Савостьянов неторопливо комментировал схему, а я напряженно разглядывал все эти кружочки, линии, стрелы, надписи и пытался понять, сообразить, уловить какую-то закономерность в разгонах: у Рамазанова, у Пачкалиной, у Понтяги, которого, к слову сказать, в схеме Савостьянова и вовсе не было, но ведь он сам рассказал, что проходил по делу «рыболовов» и побывал у Савостьянова на допросе… Однако связи между главарями коммерческой шайки и маленьким испуганным магазинщиком, который и фамилий-то Рамазанова и Обоимова не помнил, не усматривалось, все было за пределами схемы, во всяком случае, не пропечатывалось, как на фотобумаге, уже экспонированной, но еще не проявленной. Вот только рецепта проявителя я не знал, и схема Савостьянова была для меня вроде листочка со школьной игрой «Морской бой» в руках партнера, когда знаешь, какие у него корабли: линкор, крейсеры, эсминцы, подлодки, да неизвестно, где они расположены, и, пока ты мажешь, противник лупит по твоим кораблям, и пора, пора уже уловить принцип, систему обороны противника, пока он не пустил ко дну последний из твоих катеров…
Телефон у Хлебникова в кабинете не отвечал, и в половине двенадцатого я поехал в больницу. Неодолимая потребность увидеть Лыжина, поговорить с ним гнала меня на Преображенку, в тенистый сумрак палаты, где разместился целый мир, удивительный, очень далекий, и мне невыносимо хотелось заглянуть в этот мир хоть одним глазом в нелепой надежде увидеть, понять, оценить свое место там.
Хлебникова я встретил у дверей дирекции — он шел из лечебного корпуса. Рассеянно поздоровался со мной и на вопрос о Лыжине коротко ответил:
— Спит. Он сейчас много спит.
— Он вас по-прежнему не узнает?
— Нет. Хотите пройтись по парку? Мне что-то на месте не сидится сегодня.

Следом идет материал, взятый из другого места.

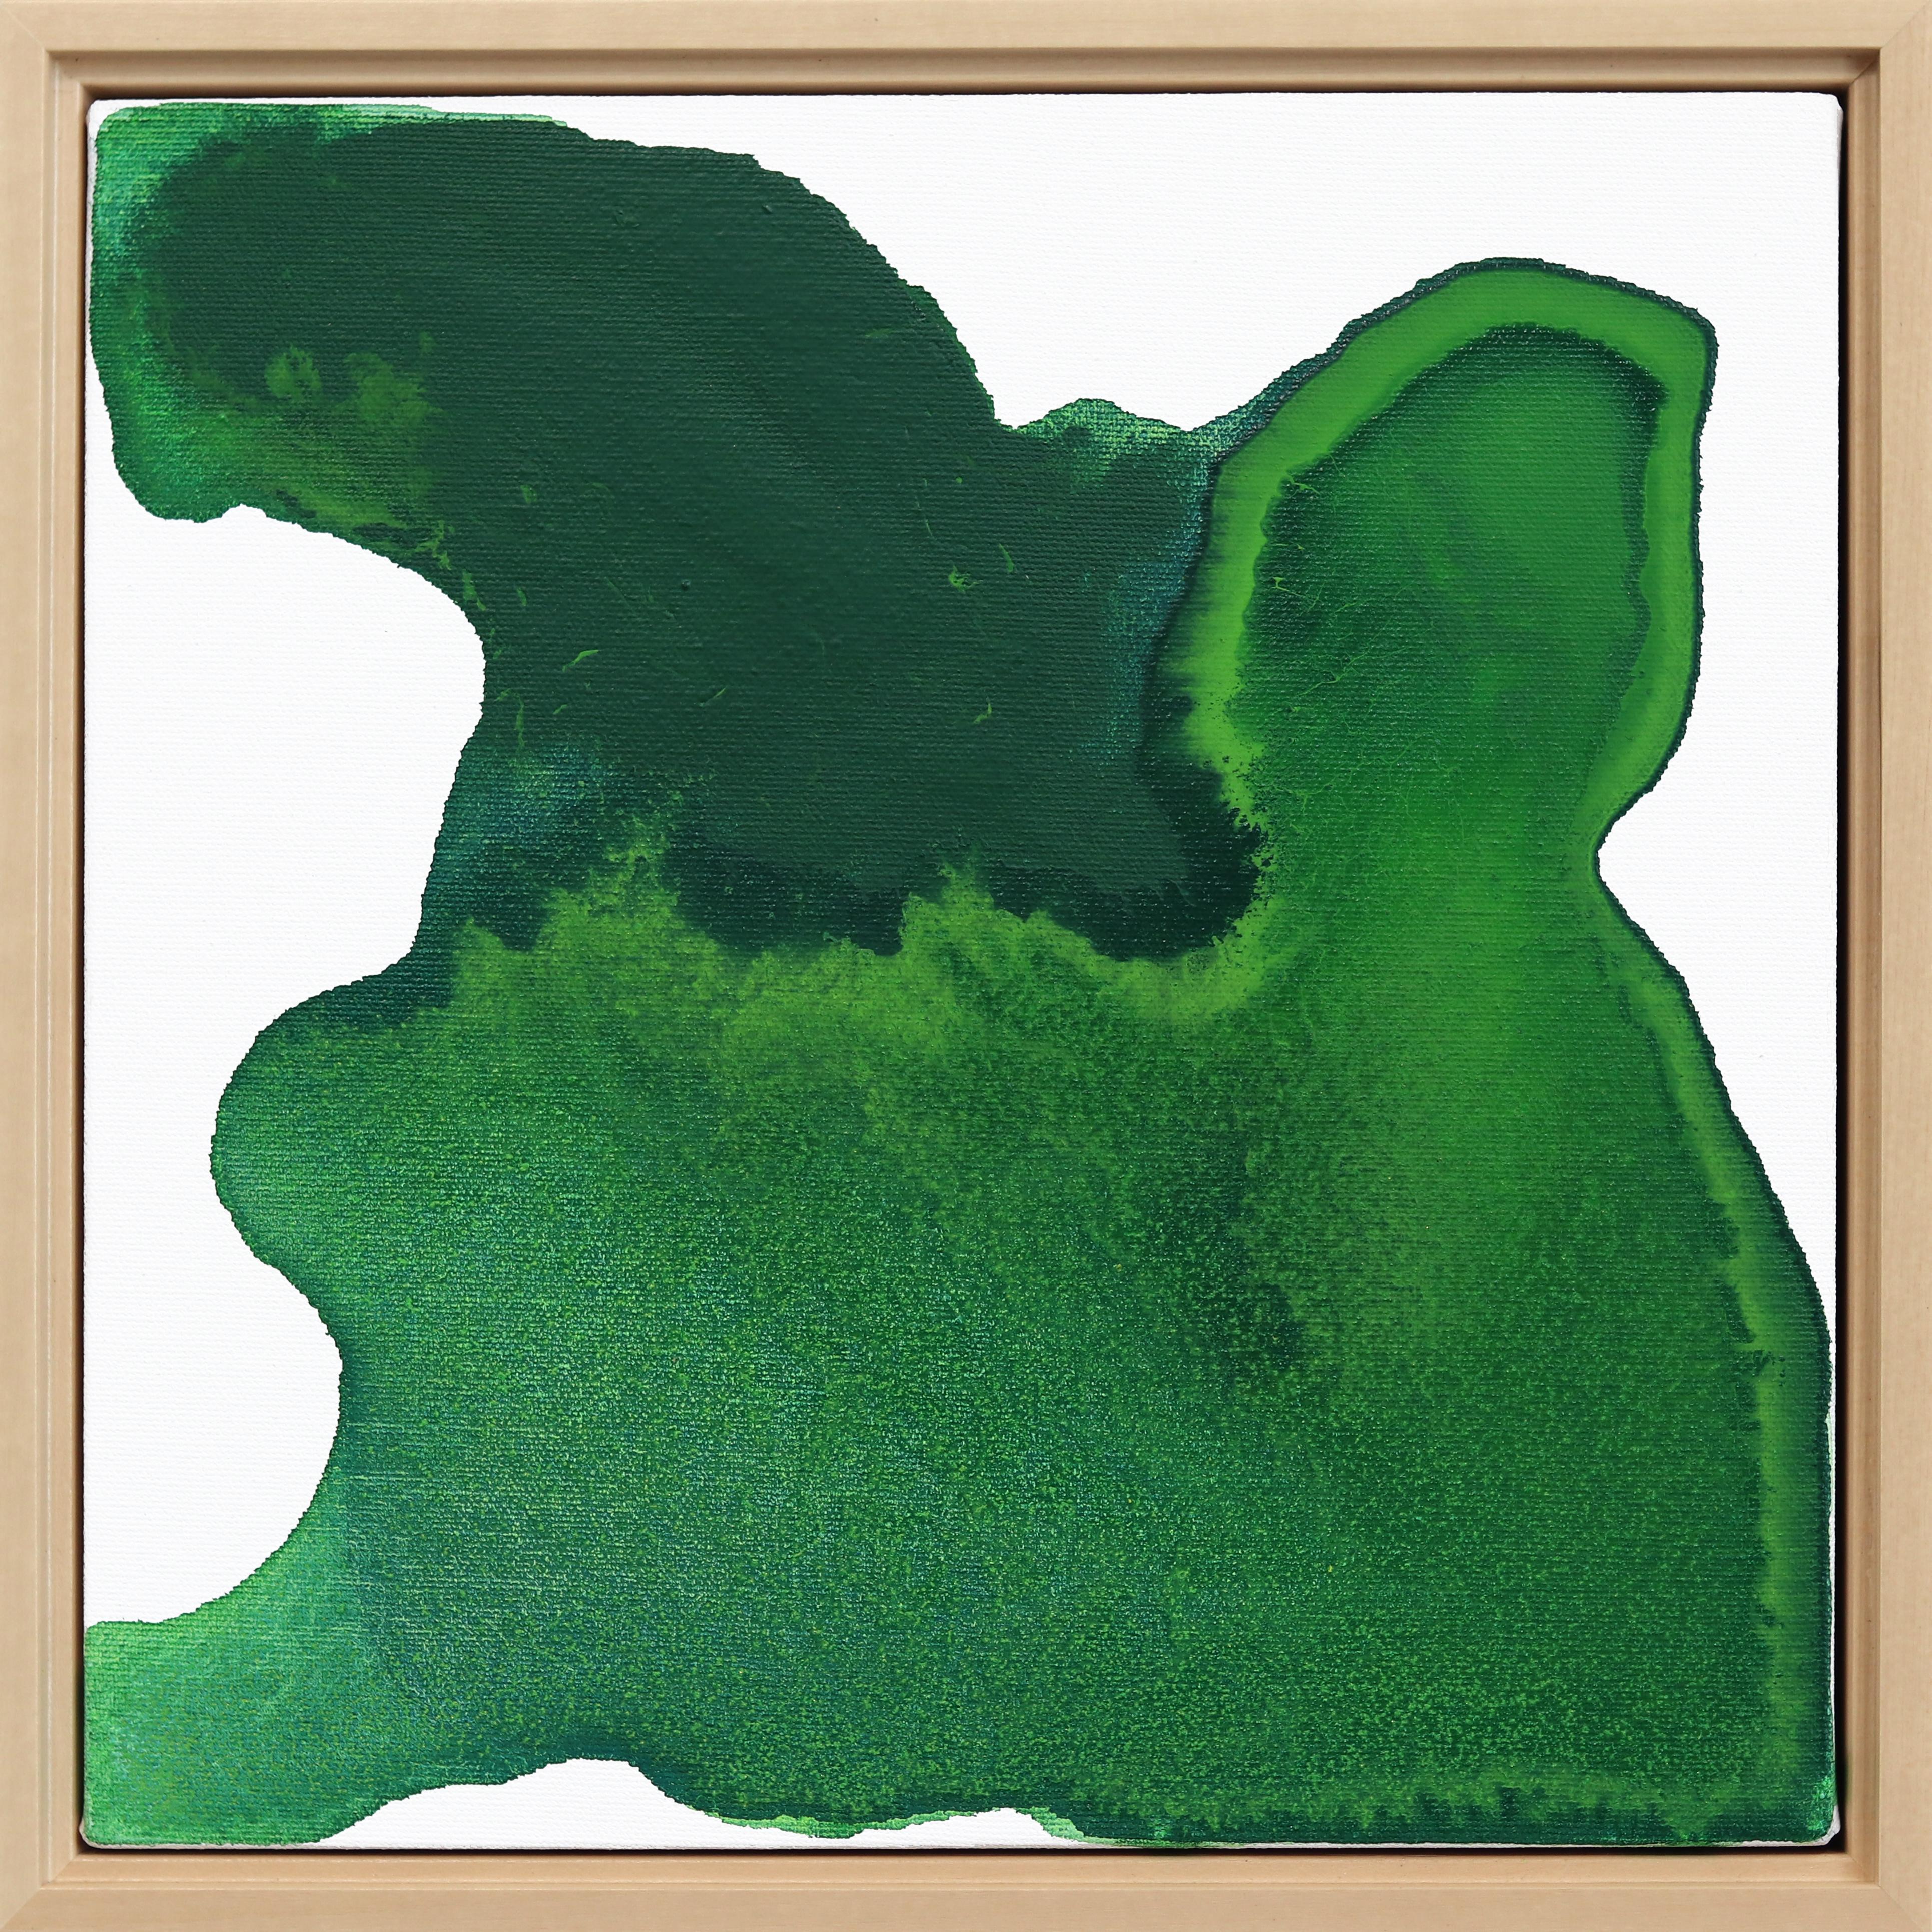 Happy Times - Framed Original Green Minimalist Abstract Contemporary Art - Mixed Media Art by Clara Berta
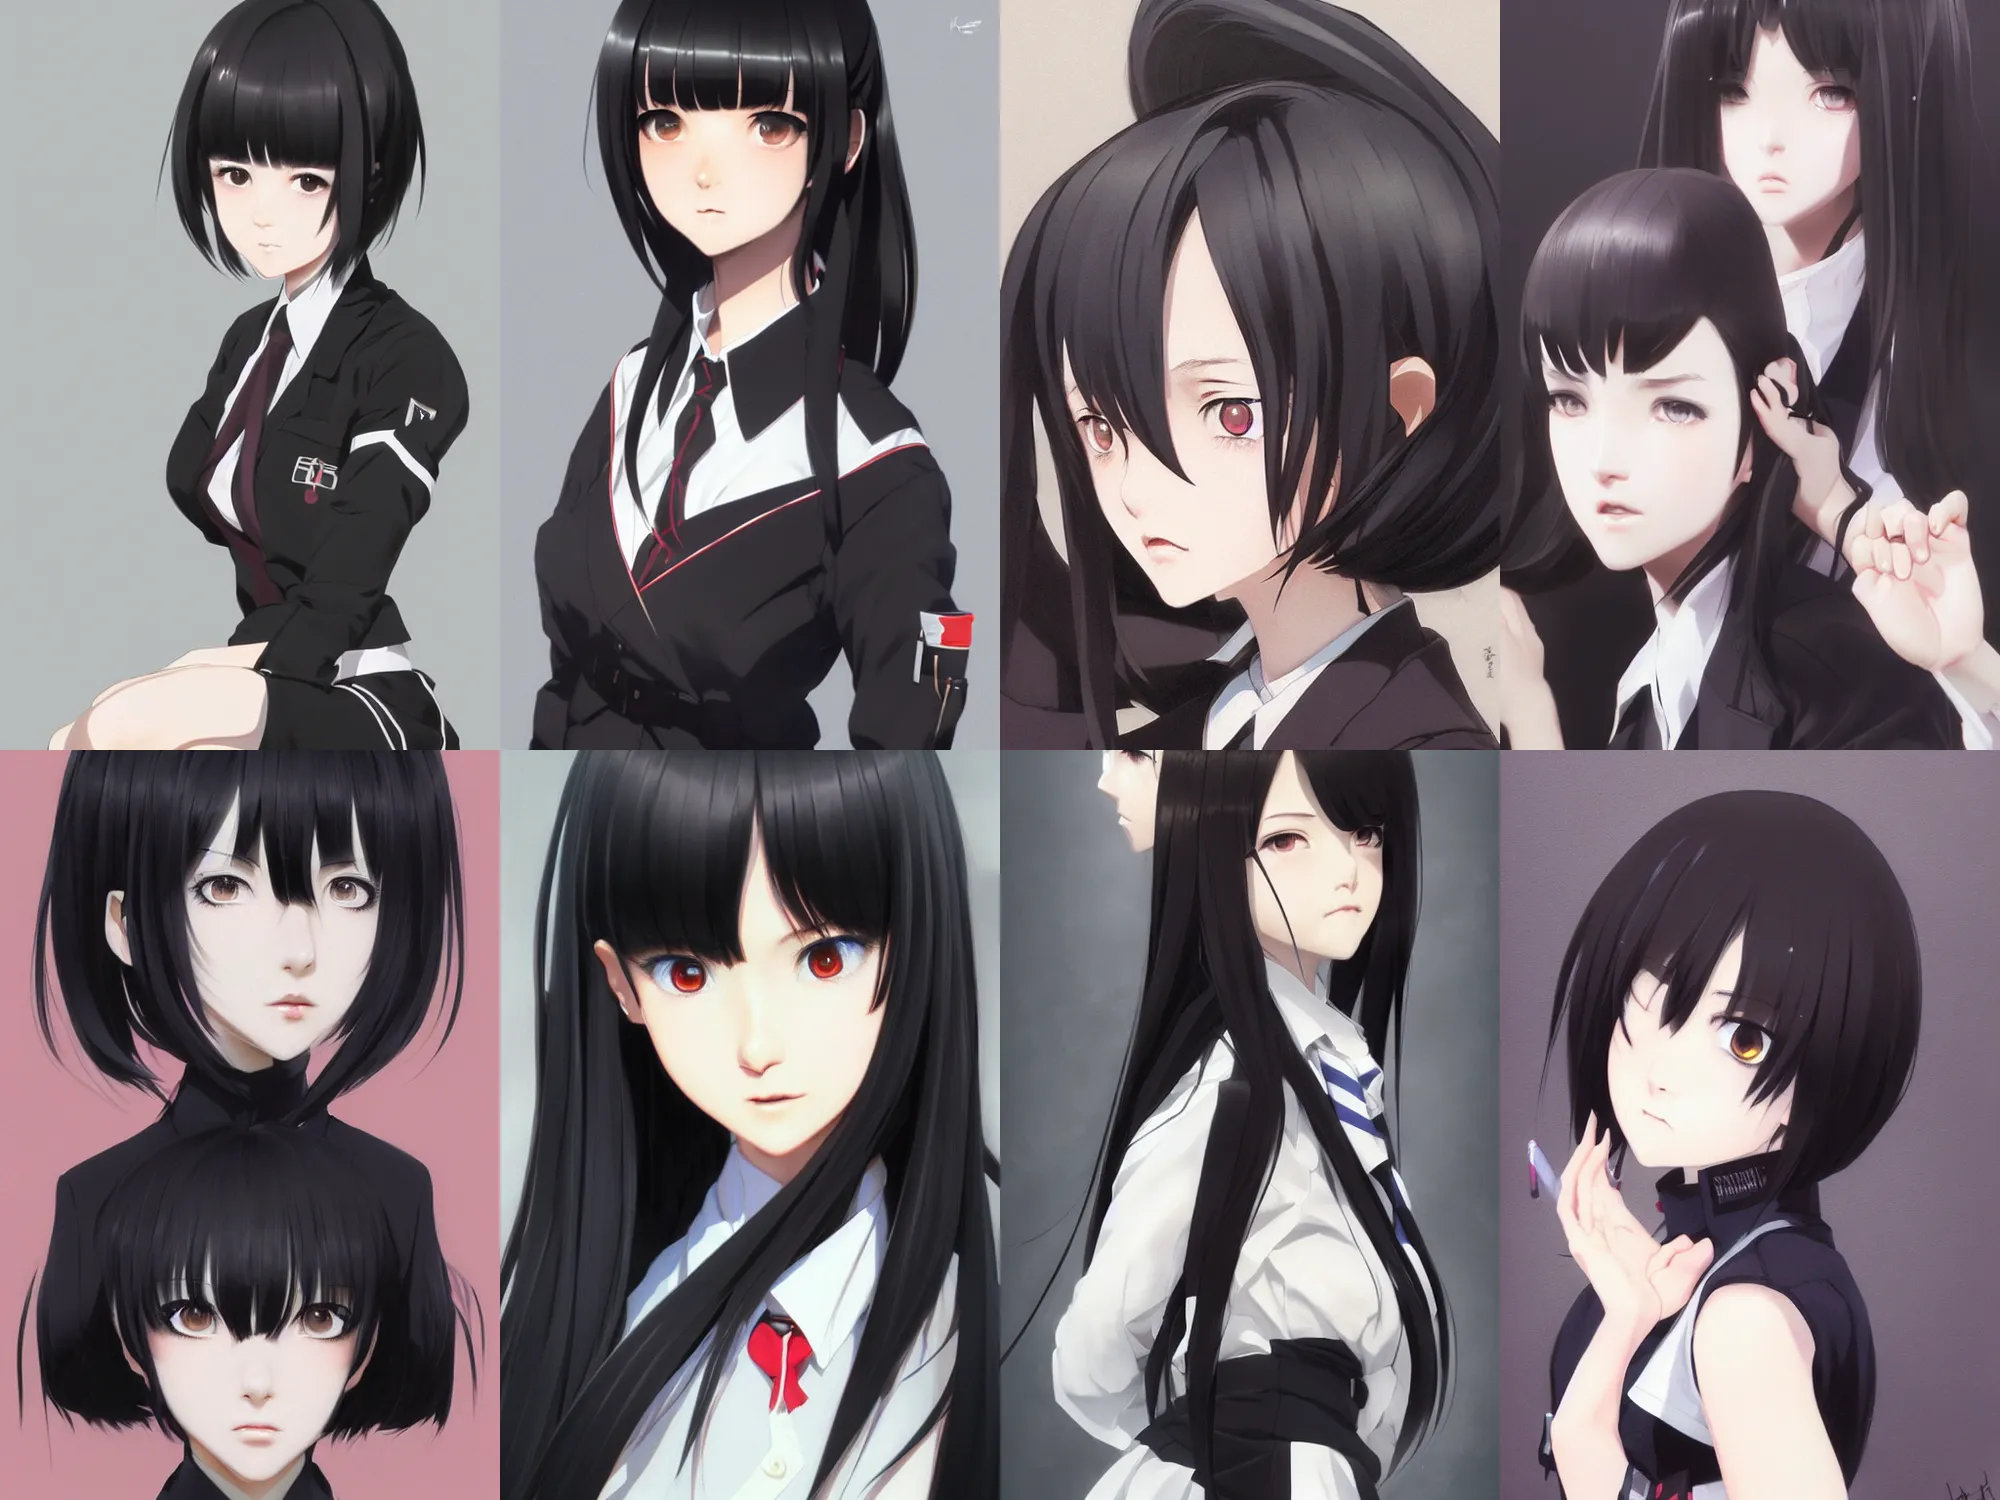 Prompt: Gorgeous japanese schoolgirl with black hair, in black uniform, very detailed eyes. By (ilya kuvshinov), krenz cushart, Greg Rutkowski, trending on artstation

Мы шли по худосочной аллейке садика, который Хлебников красиво называл парком, и я рассматривал последние, рвущиеся на колючем ветерке кленовые листья, похожие на растопыренные красно-желтые ладошки.
— Сегодня я начал делать ему курс инъекций, — ответил Хлебников на мой незаданный вопрос. — Пульс — сорок восемь. Как у Наполеона.
— В прошлый раз вы говорили мне об эйдетизме, — сказал я. — Это явление, с точки зрения психиатра, болезненное?
— Ни в коем случае! Я же ведь говорил вам — это дар. Болезнь Лыжина — реактивное состояние… Кстати, основоположник изучения эйдетизма Иенш утверждает, что эта способность в большей или меньшей мере присуща всем детям и пропадает только с возрастом.
— А чем можно объяснить, что у Лыжина она сохранилась?
— На этот вопрос доказательно ответить пока вам не сможет никто в мире. Воображение и память покуда одна из самых непостижимых загадок нашей природы.
— А что вы сами думаете на этот счет?
— Кто его знает, может быть, это какая-то непознанная анатомическая особенность человеческого мозга, а может быть, это исключительная физиологическая способность. Не исключено, что это удивительный душевный строй, который сберег взрослому человеку яркокрасочный мир его детского естественного восприятия. Никто этого пока не знает…
— Ну а раньше вы наблюдали у Лыжина слияние его удивительной памяти и воображения?
— Конечно. Те, кто был близок с ним, знали, что Лыжин — это взрослый, сказочно одаренный, мечтательно-добрый и веселый ребенок…
— Для одного человека не многовато?
— Нет, совсем не многовато. Я знаю Володю с первого курса, я уже тогда интересовался психологией и психиатрией и поэтому часто с любопытством наблюдал за его поведением…
— Разве оно тогда отличалось от нормы? — спросил я с удивлением, припоминая рассказ Ольги Панафидиной.
— А-а! — махнул досадливо рукой Хлебников. — При чем здесь норма? Володя всегда был удивительным человеком. Его воображение — образная эмоциональная фантазия ребенка — с ним самим творило чудеса. Когда он рассказывал моим сынишкам о несчастном Кае, замороженном Снежной королевой, у него самого руки становились ледяными. Когда он видел футболиста Стрельцова, бегущего через все поле, пульс у него бился под сто. Он не мог работать практикующим врачом из-за того, что испытывал физически боль своих пациентов…
— Но ведь он мог, обладая такой способностью, создать для себя прекрасный мир — без забот, волнений и тревог, мир неуходящего иллюзиона?
Хлебников покачал головой:
— Не мог. Понимаете, для него чисто физически не существовало философии «за чужой щекой зуб не болит». У него болел. Он проживал свою жизнь в каждом встреченном им человеке, а любви в его сердце не убывало.